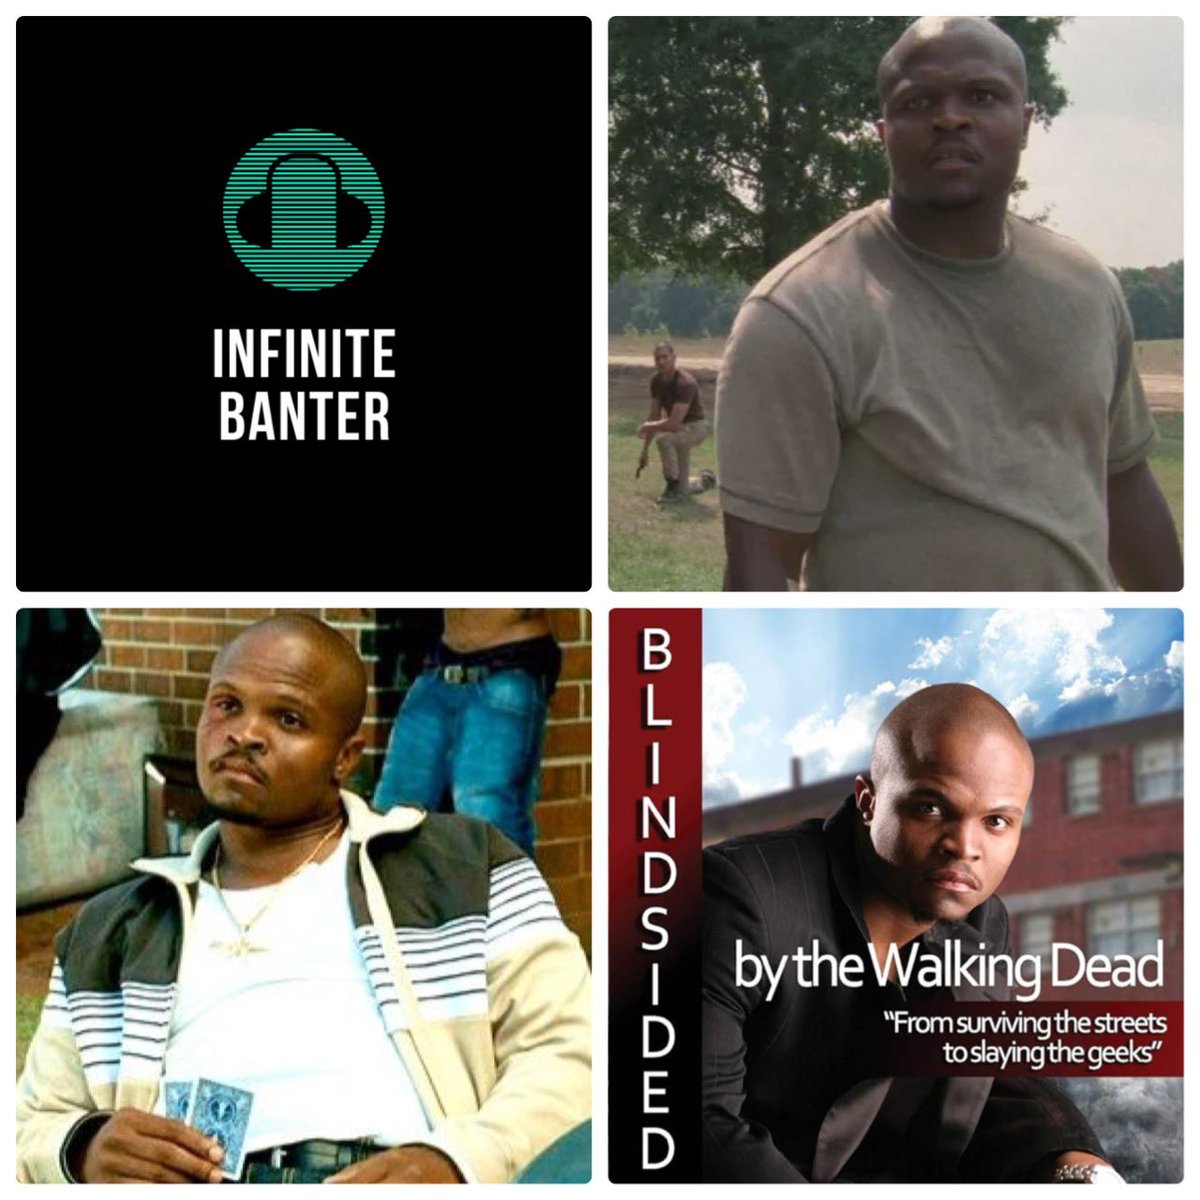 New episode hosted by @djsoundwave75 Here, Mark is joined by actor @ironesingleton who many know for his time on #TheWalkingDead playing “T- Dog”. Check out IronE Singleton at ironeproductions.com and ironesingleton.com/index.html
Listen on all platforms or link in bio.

--

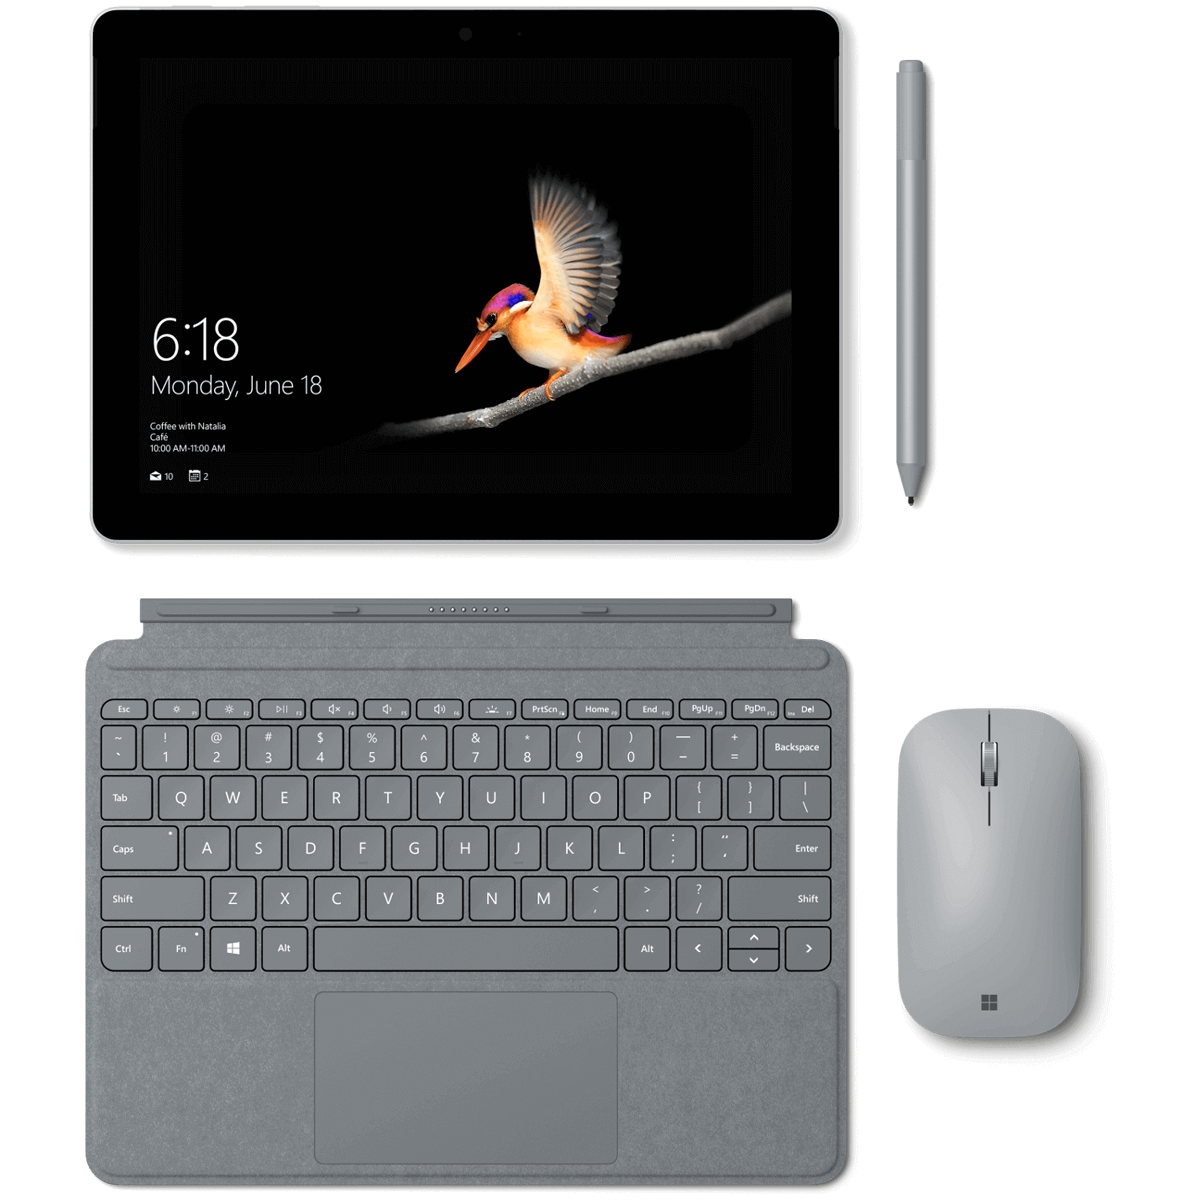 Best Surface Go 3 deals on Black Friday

---

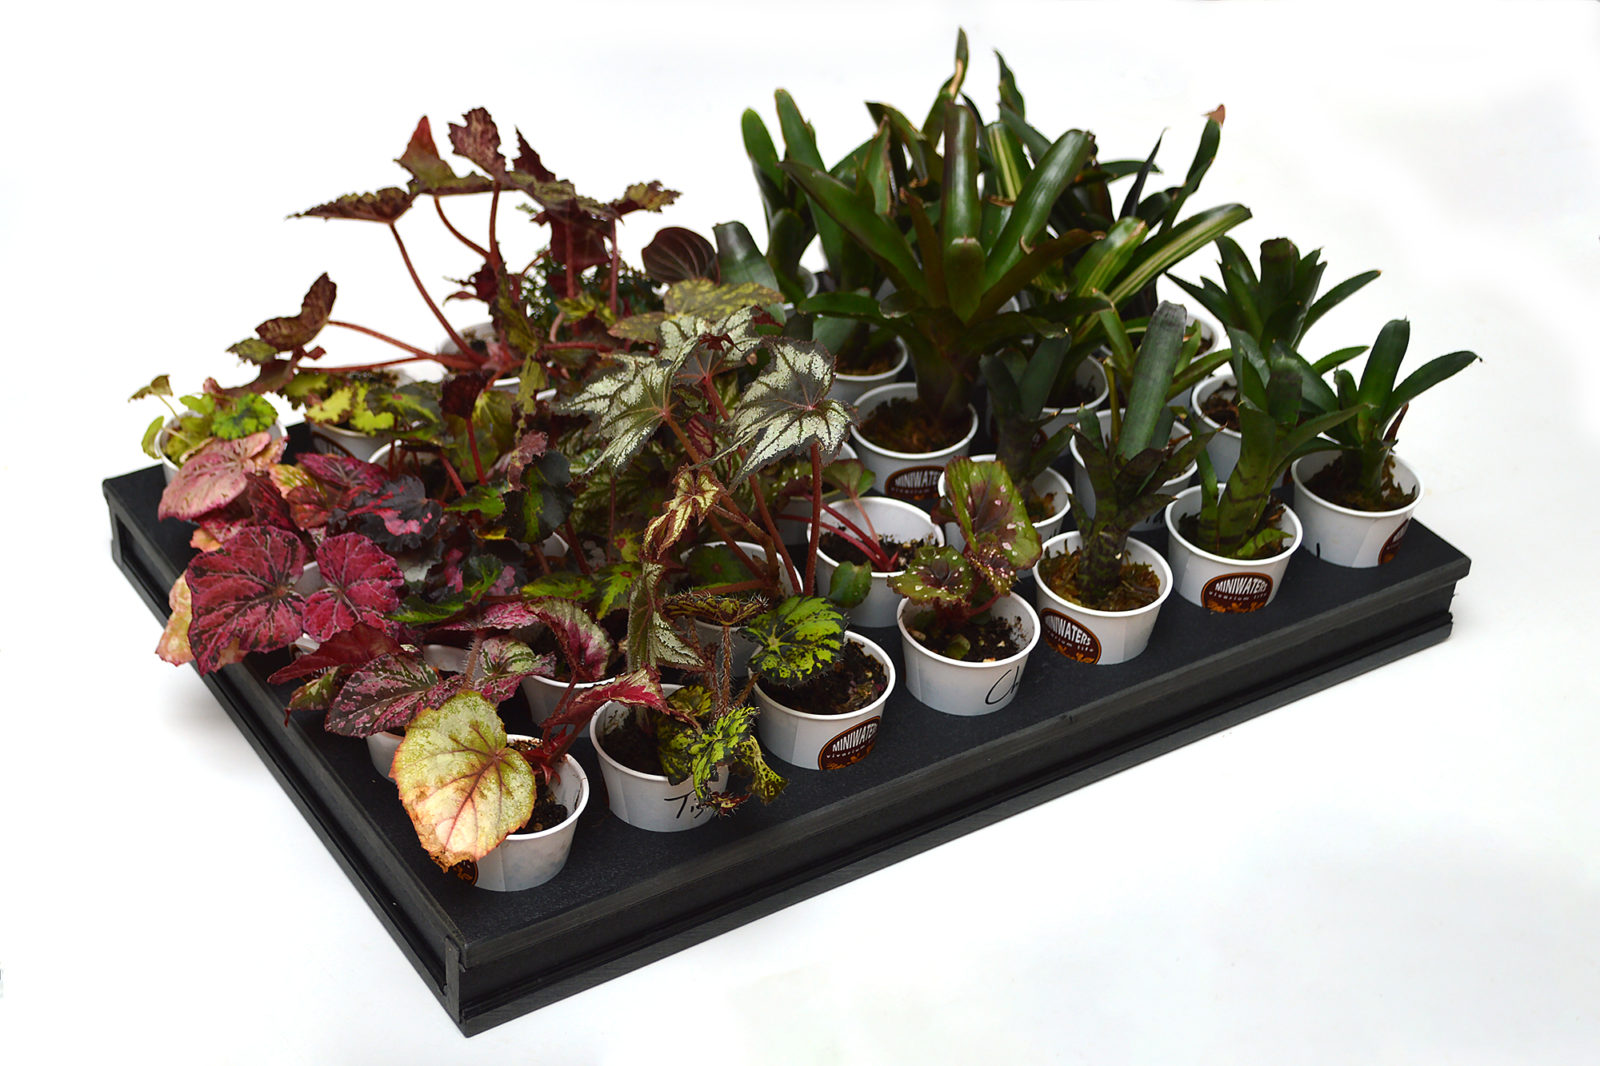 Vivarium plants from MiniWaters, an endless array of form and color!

**Exercise:** Take the material above from the line bearing "New episode hosted" through the line bearing "Listen on all platforms or link in bio." and write it out exactly, both end lines included. Pictures stay out.

**Solved problem:**
 New episode hosted by @djsoundwave75 Here, Mark is joined by actor @ironesingleton who many know for his time on #TheWalkingDead playing “T- Dog”. Check out IronE Singleton at ironeproductions.com and ironesingleton.com/index.html
Listen on all platforms or link in bio.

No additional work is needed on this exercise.